Justin Bieber’s $1.3 million Bored Ape, now valued at a paltry $12,000, serves as a poignant and costly reminder of the extreme volatility and speculative nature of the NFT market. While Bieber remains the proud, albeit significantly poorer, owner of Bored Ape Yacht Club #3001, his experience mirrors that of countless others who bought into the hype at the peak, only to witness their investments evaporate. The saga of the Bored Ape market offers critical lessons about the dangers of celebrity-driven hype, the perils of investing in highly speculative and illiquid assets, and the harsh realities of market corrections. The initial promise of NFTs as revolutionary digital assets and community builders has been tempered by a dose of reality, forcing a reevaluation of their true value and sustainable applications.
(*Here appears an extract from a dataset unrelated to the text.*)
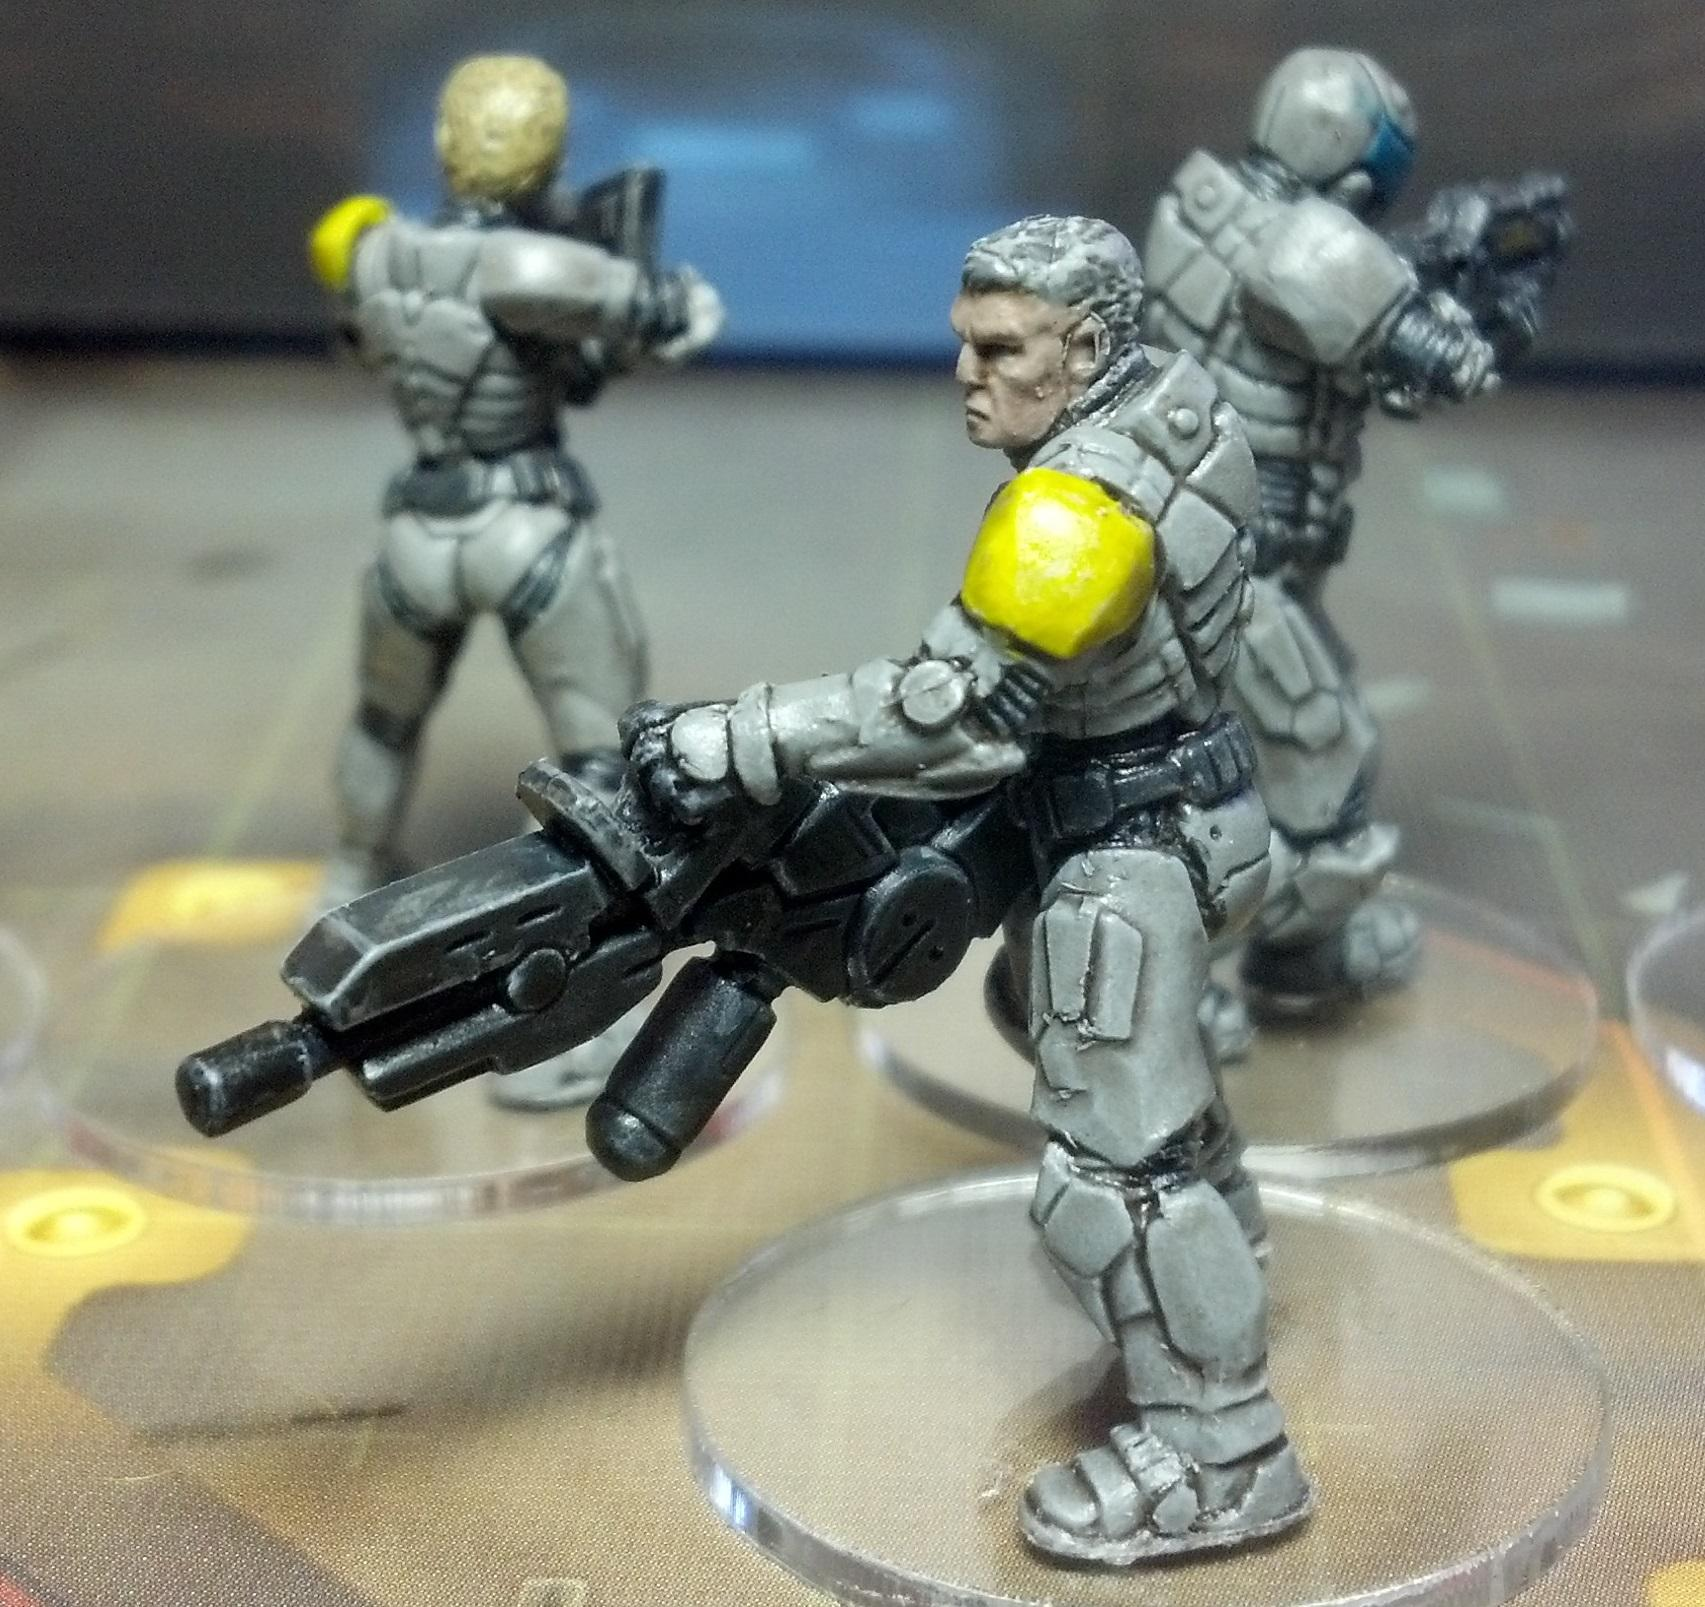 Dipped, Scifi, Sedition Wars, Strain, Vanguard, Zombie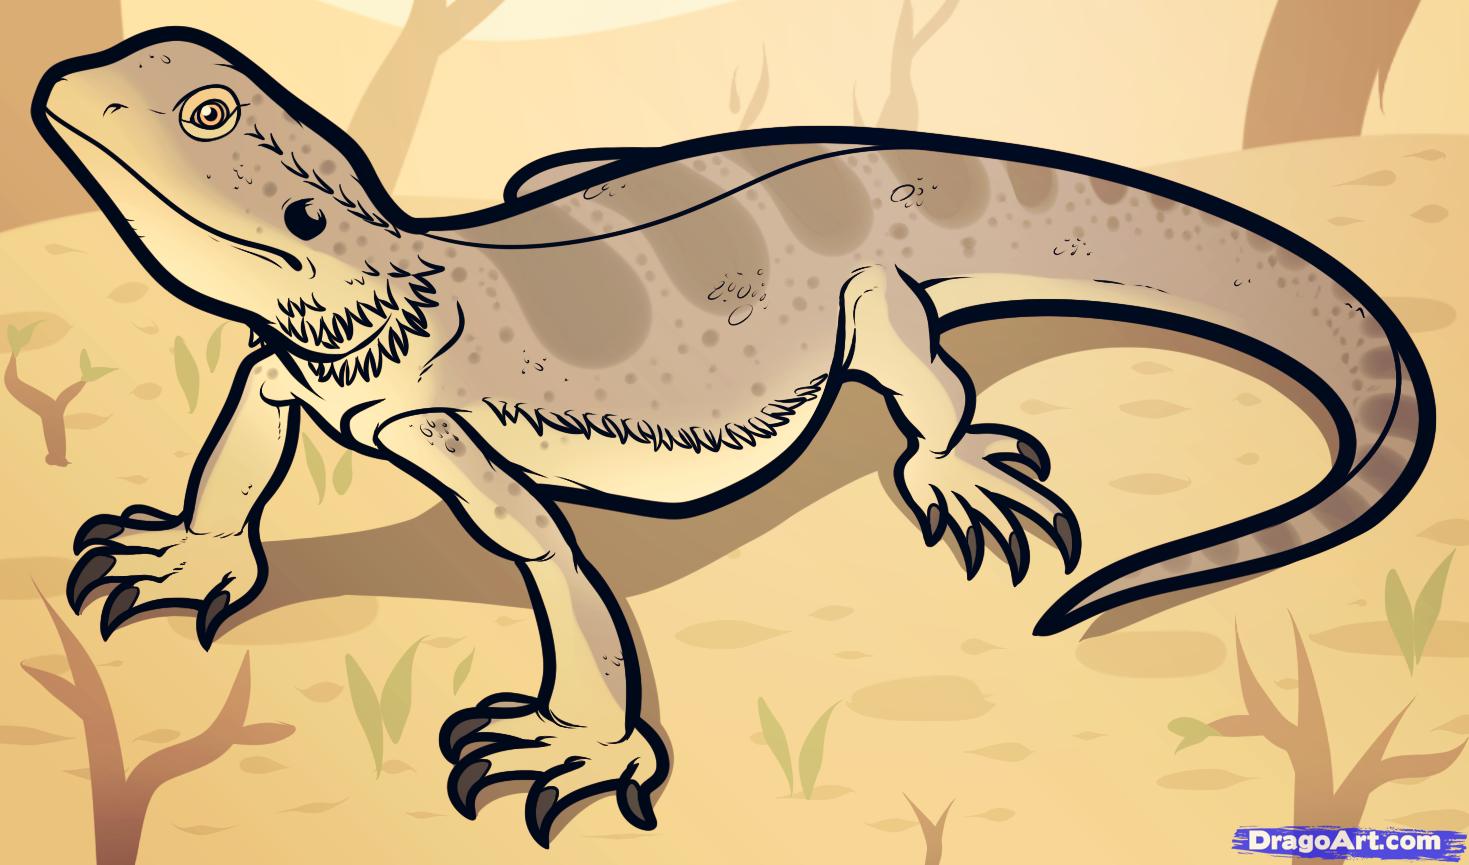 Drawn reptile bearded dragon To Tattoos Bearded Dragon How

While the technology itself may evolve and find niche uses in gaming, digital identity, or specific utility-driven applications, the era of cartoon pictures selling for millions of dollars, largely fueled by speculation and FOMO, appears to be a phenomenon of the past. The stark contrast between purchase price and current value for Bieber’s ape stands as a cautionary tale, echoing the broader market’s humbling journey from irrational exuberance to a sobering reckoning.